23. INTERNAL AUDITORS

M/s HP Bhalekar & Associates Chartered Accountants, were appointed as internal auditors by the Board for the financial year 2022-23 and who have issued their reports on quarterly basis.

24. SECRETARIAL AUDITORS

The Company has appointed M/s Jaymin Modi & Co. Company Secretaries, as Secretarial Auditors of the Company to carry out the Secretarial Audit for the Financial Year 2022-2023 and to issue Secretarial Audit Report as per the prescribed format under rules in terms of Section 204(1) of the Companies Act, 2013 and Rule 9 of the Companies (Appointment and Remuneration of Managerial Personnel) Rules, 2014.

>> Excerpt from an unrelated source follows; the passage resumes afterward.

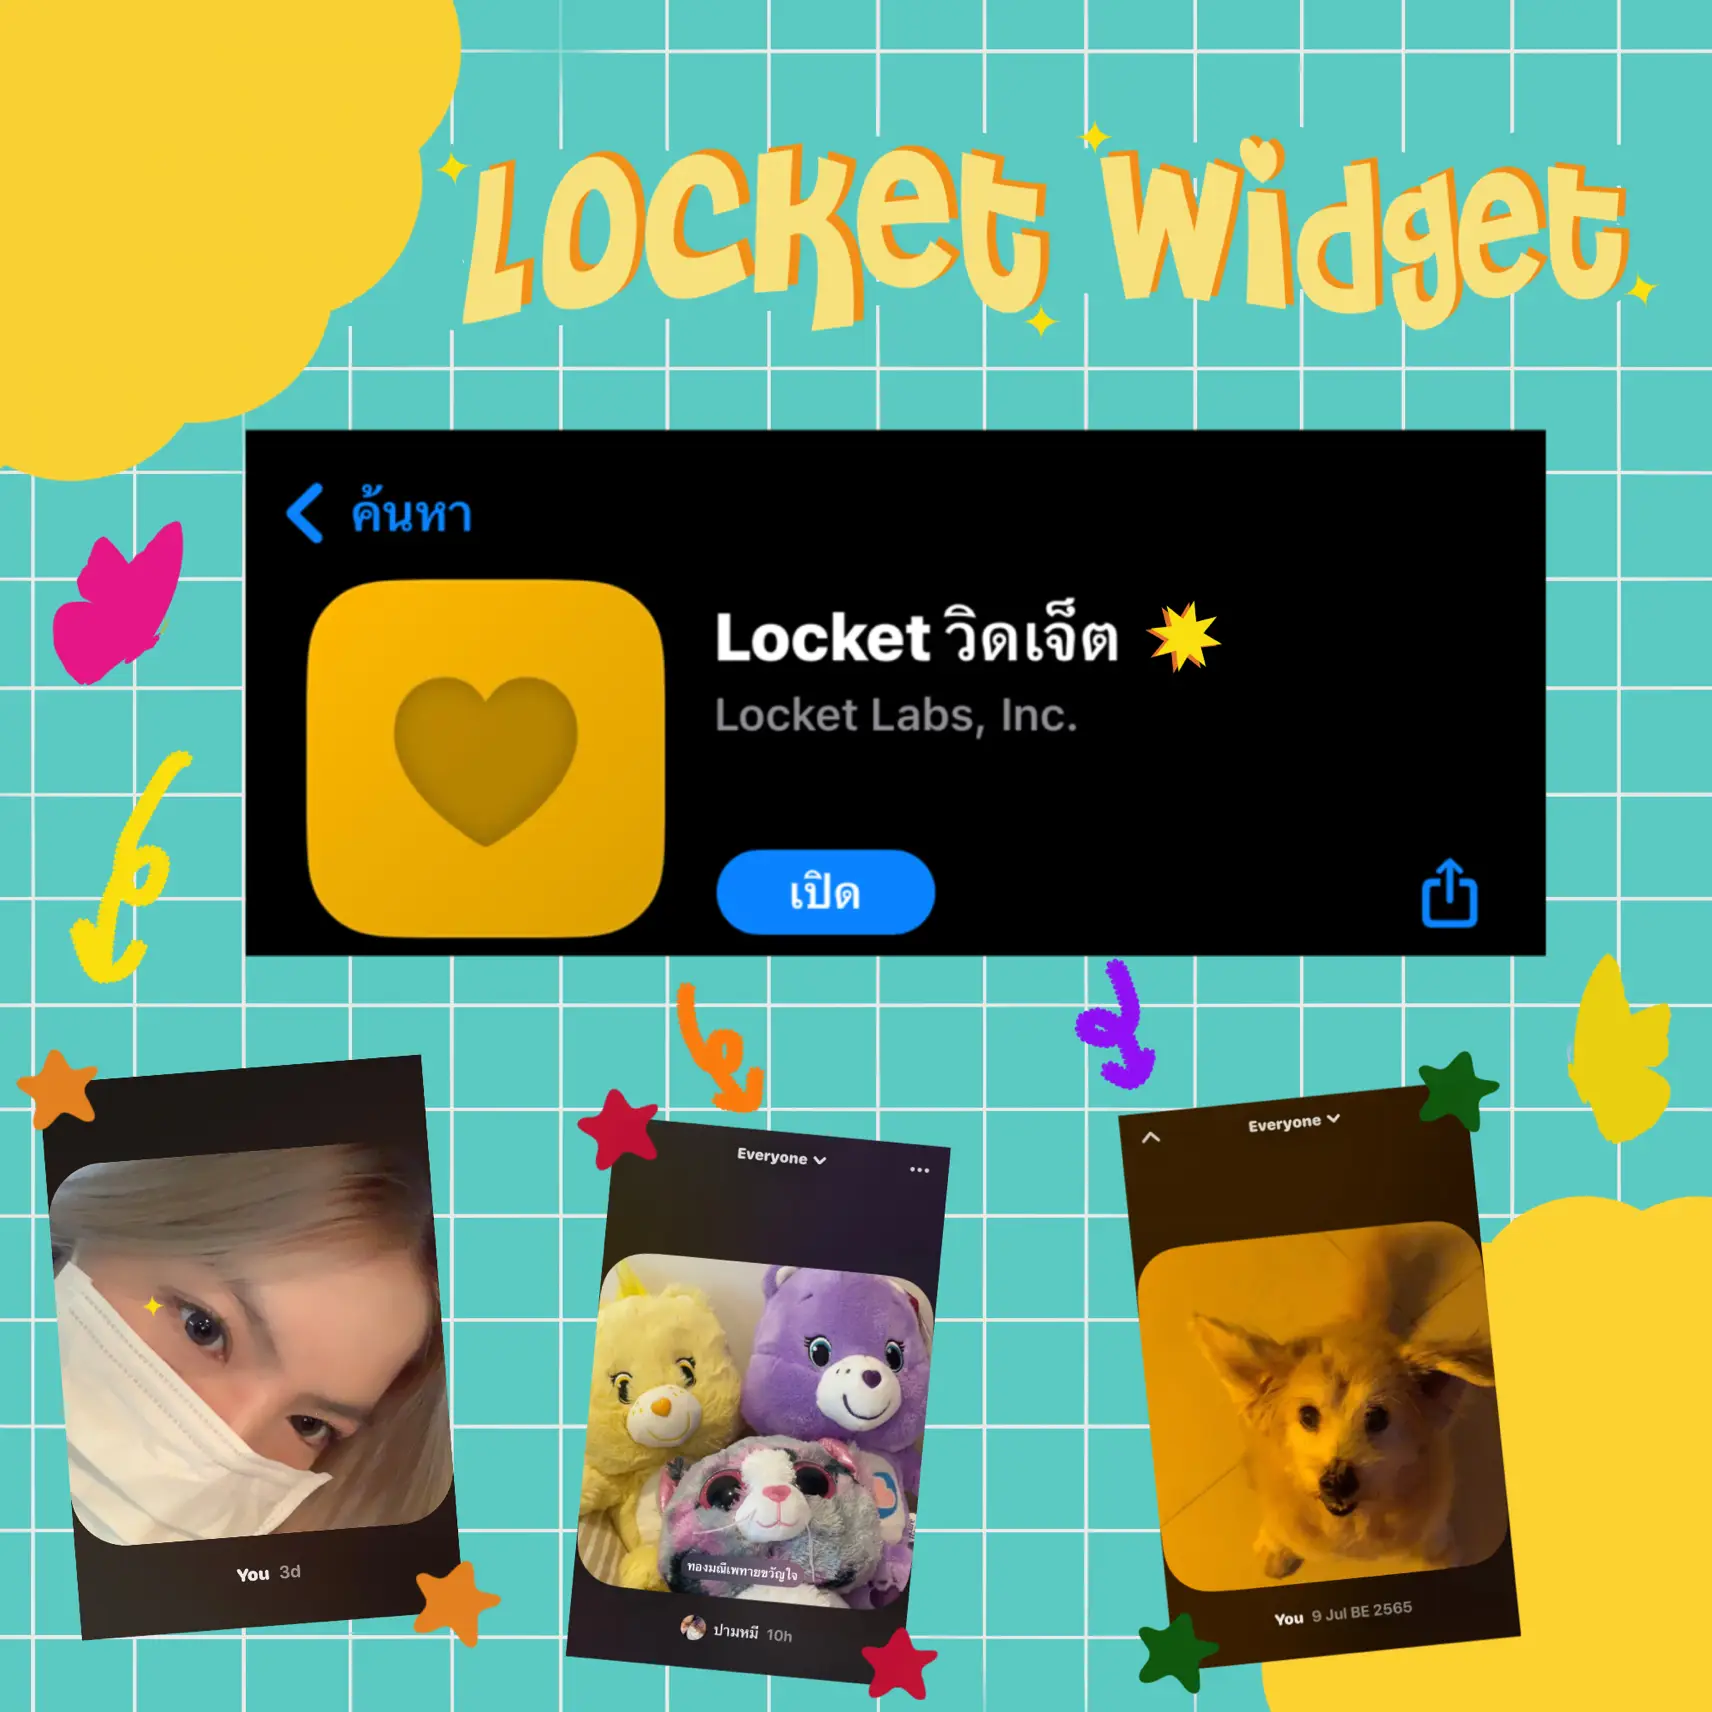 Is Locket Widget Free?
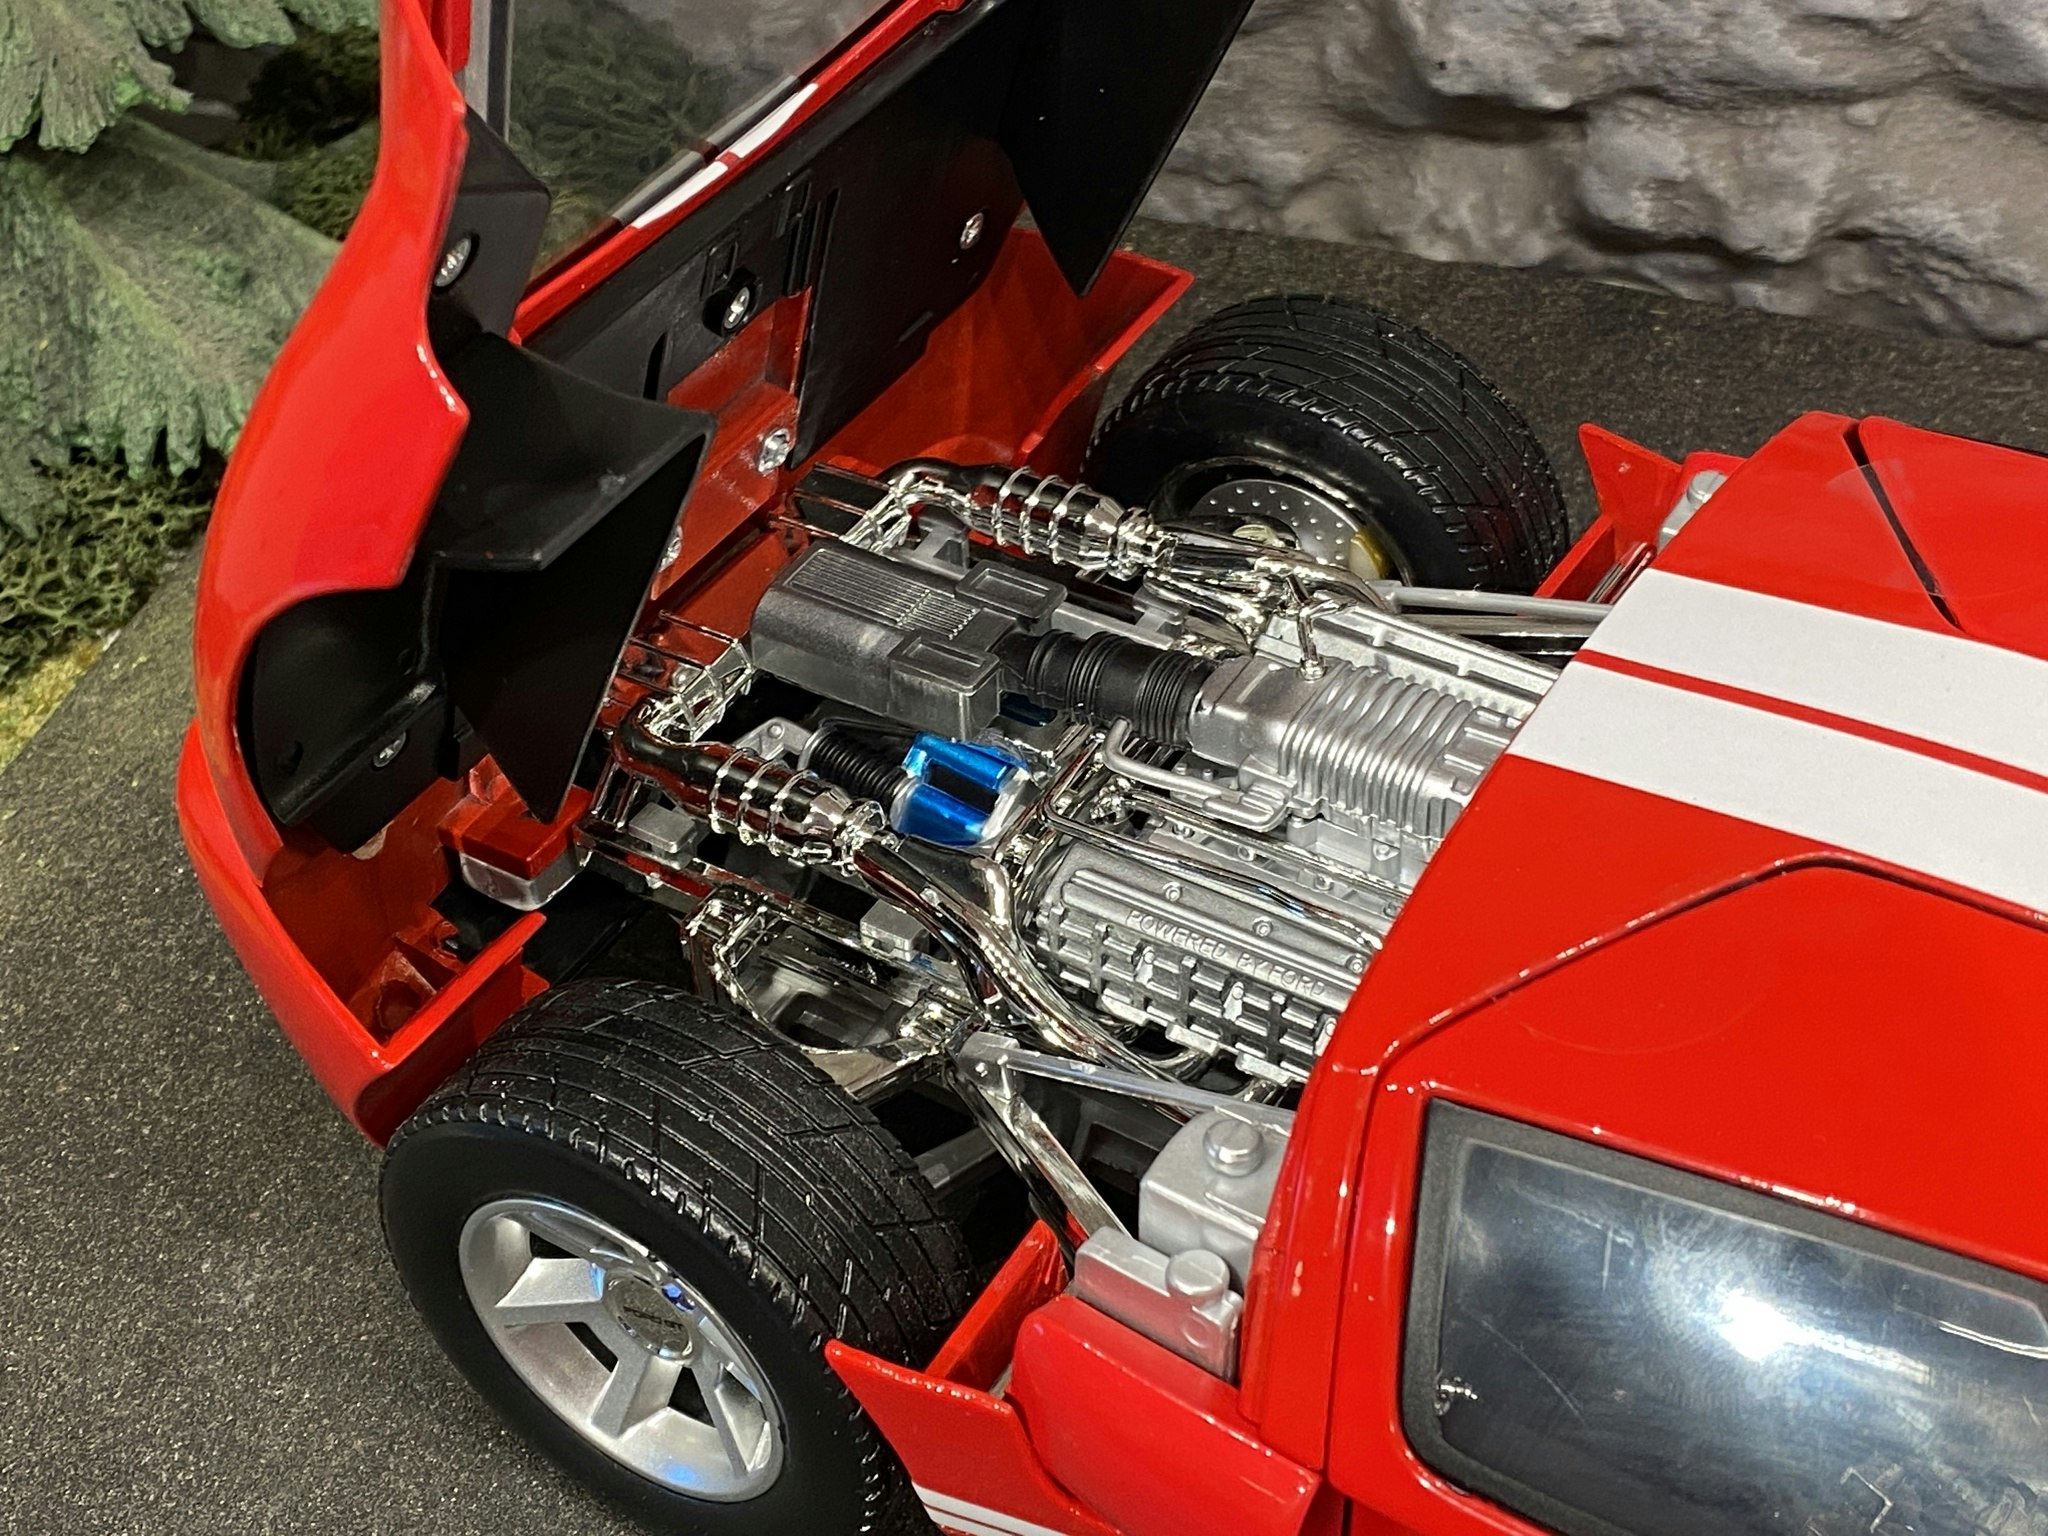 Skala 1/12 Stor & tung Ford GT Concept, Röd m vita stripes fr MotorMax

The Secretarial Audit Report for the FY 2022-23 is annexed herewith and forms part of this report as Annexure D. Secretarial Audit is not applicable to the Subsidiary, not being a material subsidiary.

25. COST RECORDS AND COST AUDIT

The provision of the Companies (Cost Records and Audit) Rules, 2014 is not applicable to the Company. Maintenance of cost records as prescribed under the provisions of Section 148(1) of the Companies Act, 2013 was not applicable for the business activities carried out by the Company for the FY 2022-23. Accordingly, such accounts and records are not made and maintained by the Company for the said period.

26. EXPLANATION OR COMMENTS ON QUALIFICATIONS, RESERVATIONS OR ADVERSE REMARKS OR DISCLAIMERS MADE BY THE AUDITORS AND THE PRACTICING COMPANY SECRETARY IN THEIR REPORTS

The secretarial auditor of the company has made the following Qualifications

Some of the Intimations under the provisions of the Companies Act, 2013 have been filed after the lapse of statutory time period. However, necessary additional fees have been remitted for such delay.

Board Reply

The e-forms were filed with necessary additional fees.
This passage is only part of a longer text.